Since the law assumes that guardians act in the best interest of their wards, there are no legal mechanisms to prevent guardians from neglecting their responsibilities or seeking financial gain. While the directors of social care institutions are required by Bulgarian law to submit yearly audits of their wards’ finances, the fine for failing to do so is about 14 cents.
Scattered legislation that sometimes contravenes international law, unclear standards for when guardians are warranted and a lack of due process in some countries in Eastern Europe mean that it is fairly easy for a relative to convince a judge that someone with a mental illness or disability should be placed under guardianship — simply because he or she wants control over assets, advocates say.
“It’s not for riches,” said Aneta Genova, a lawyer from the Bulgarian Helsinki Committee, an international human rights group representing several wards at Pravda. “It’s usually for little things, like using a room in an apartment, or renting or selling a property.”
Defenders of guardianship say the legal system is there to protect and care for people with mental disabilities, who may be helpless on their own.
But compared with the protections in most Western countries, guardianship systems in Central and Eastern Europe make few provisions for individual needs. Instead, they offer a black and white approach — full guardianship or nothing at all — to people along a wide spectrum of mental disabilities, advocates say.
Some countries are trying to change the system. In Hungary, Parliament is considering legislation to introduce so-called supporters, who would help mentally ill or disabled adults understand their situation and make their own decisions.
With guardianship, however, “it’s easy to get in, but almost impossible to get out,” said Oliver Lewis, executive director of the Mental Disability Advocacy Center.
Legal appeals to remove guardianship and restore legal capacity can lead to “Kafka-like” situations, Mr. Lewis said, because in many countries in Eastern Europe the procedures require the consent of the guardian. “Often the guardians don’t want the people to appeal, because it is in their financial interest to have the person remain under their guardianship,” Mr. Lewis said.
The director of the Pravda home, Beyti Hussein, testifies to the abandonment and helplessness of the residents.
Mr. Hussein said a typical story was one about identical twin brothers, Kiril and Metodi Mitsev, 46, who have schizophrenia and came to Pravda in 2000. Their brother Julian, appointed their guardian by a court, has never visited. And because his permission is required for the twins to travel, they are not allowed to leave the area except on field trips led by the home.
According to documents kept by the home, the brothers own shares in two buildings and land in Kyustendil, southwest of Sofia, as well as an apartment in Sofia. Yet their only income is about $30 per year from their elderly father’s pension.
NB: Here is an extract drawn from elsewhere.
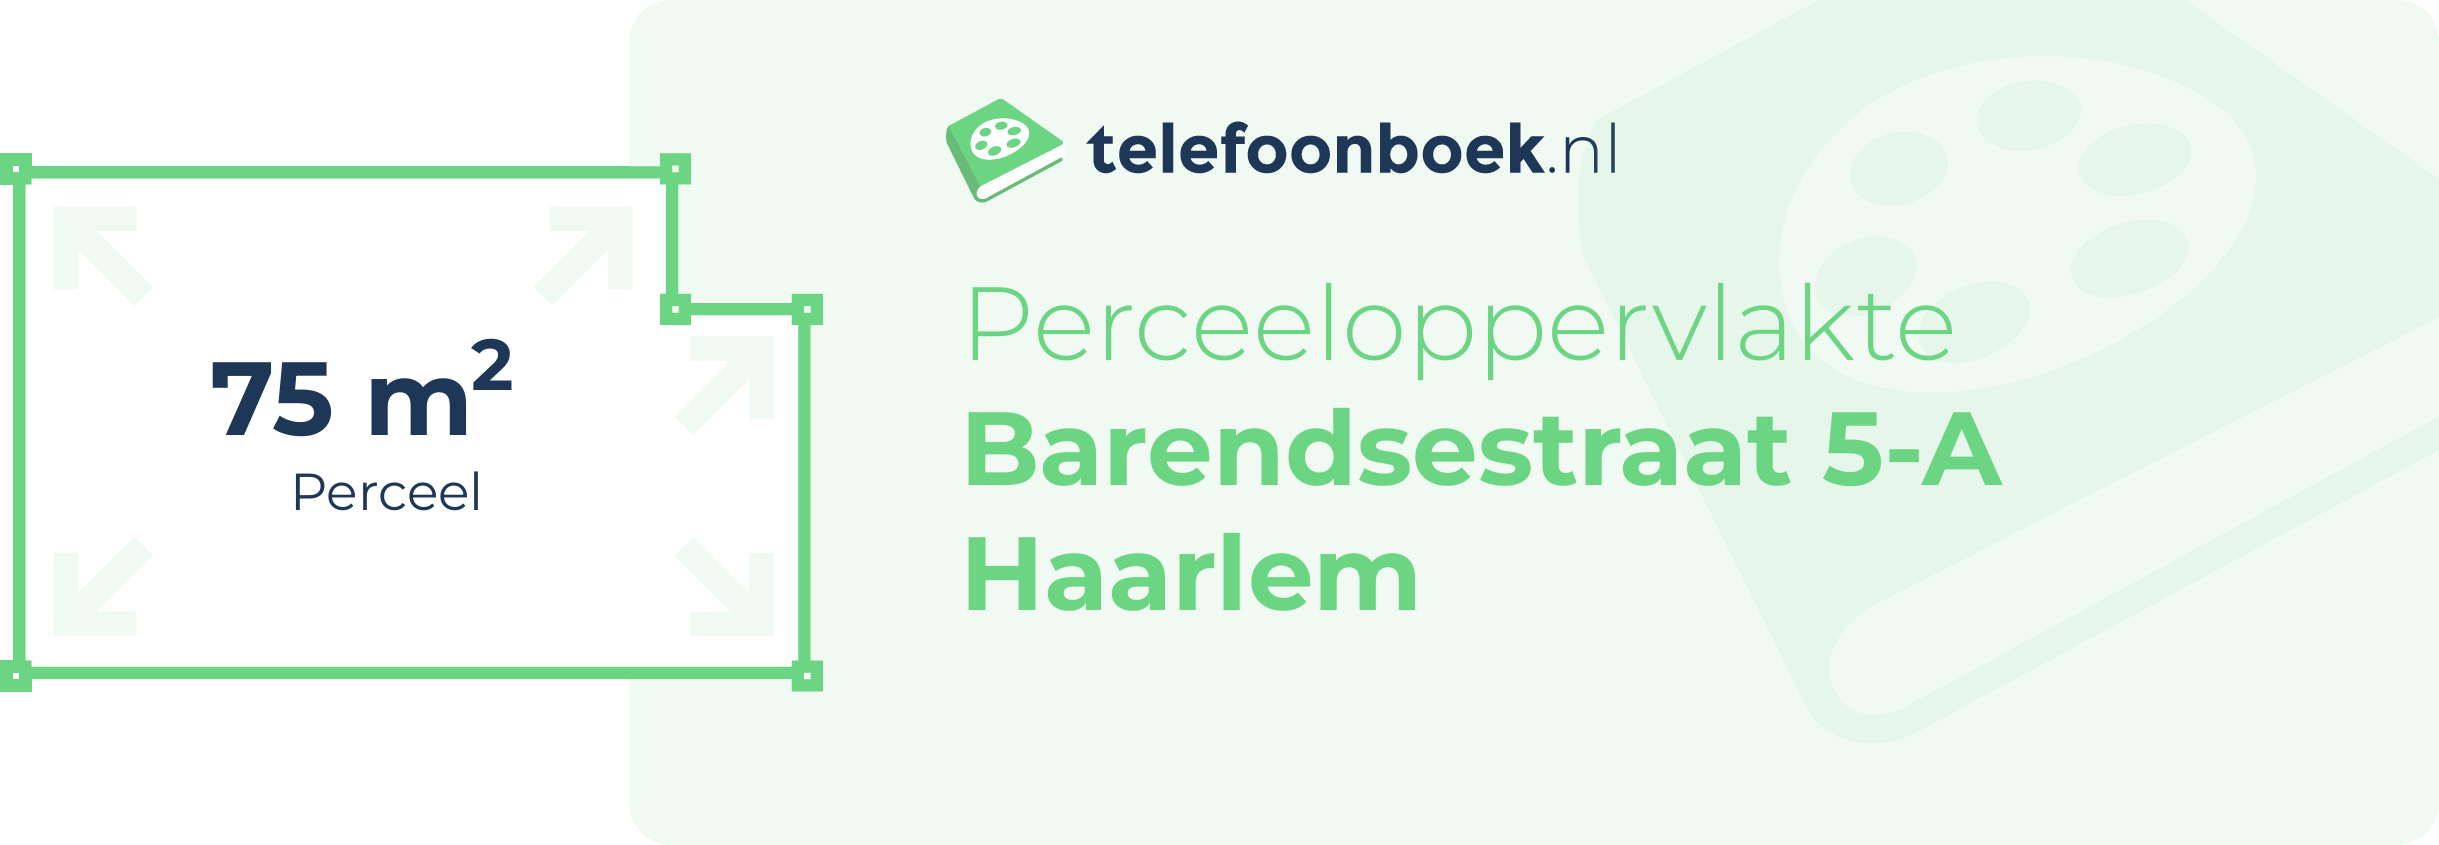 Perceeloppervlakte Barendsestraat 5-A Haarlem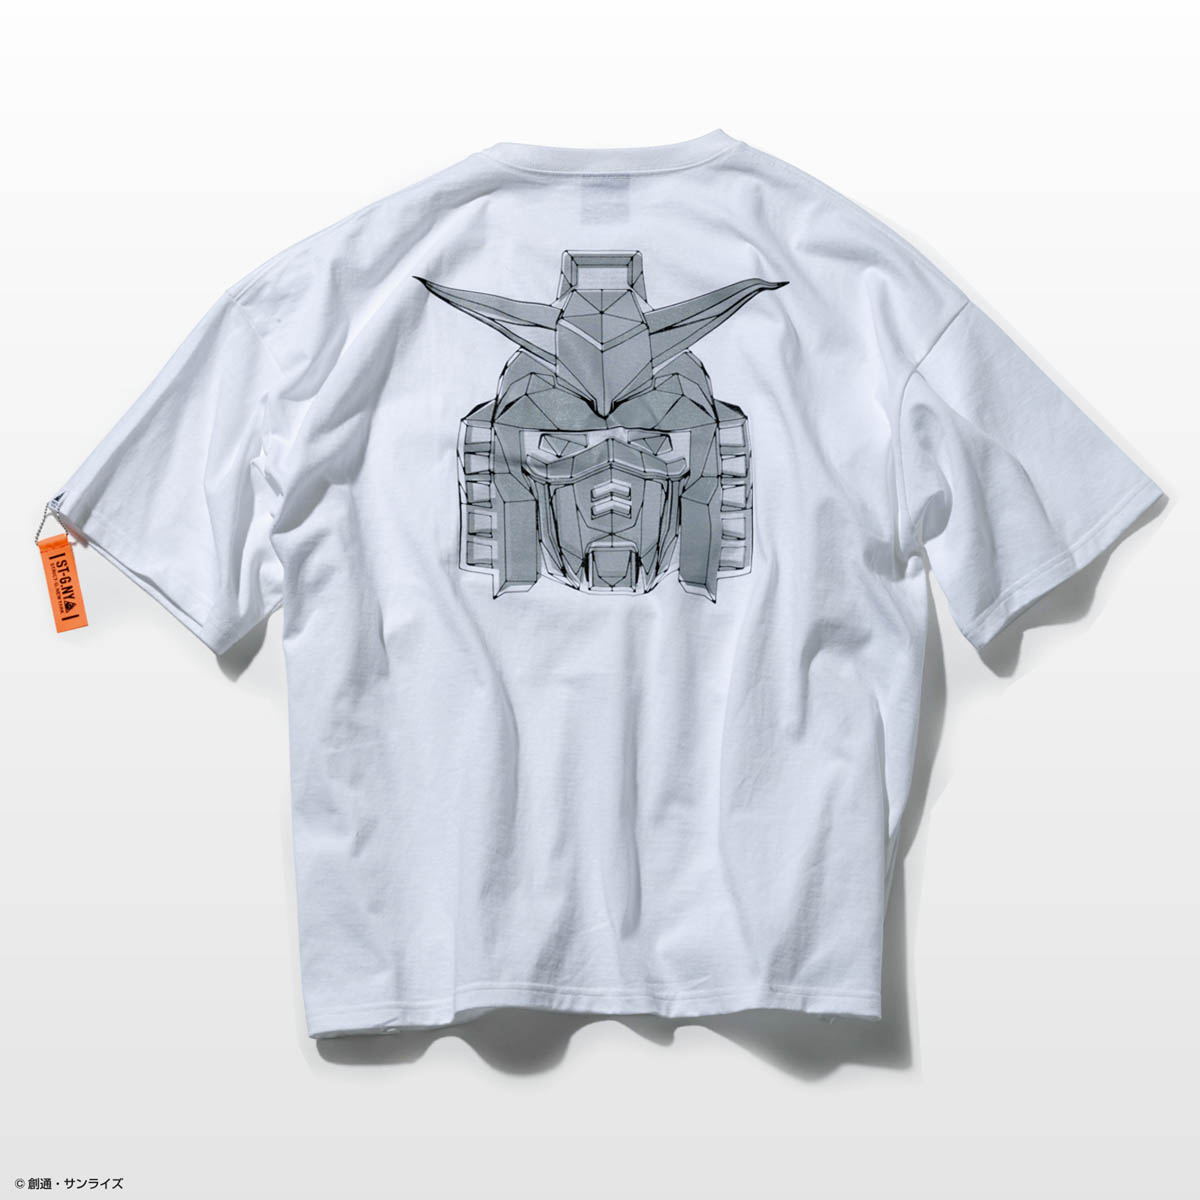 STRICT-G NEW YARK オーバーサイズポケット付きTシャツ ポリゴンガンダム

“I can’t say why he doesn’t come,” Metodi Mitsev said of Julian. The twins do not even have his phone number.
“These people are resigned to their fate,” said Stoyanka Dimitrova, a social worker at the home. “There is no one to protect them and no one to show them how to claim what is rightfully theirs.”
Metodi Mitsev does the talking for the brothers. His gregariousness balances Kiril’s introversion. “If we were closer to Sofia it would be easier to visit our father, and we could find a lawyer,” Metodi Mitsev said. Their father is too old to make the long trip to Pravda, he said. Changing homes would require the consent of their guardian.
“A lot of years have gone by,” he said, staring off into the plains surrounding the home. “We are far away from the city and miss civilization. We have no girlfriends here. I miss taking getaways.”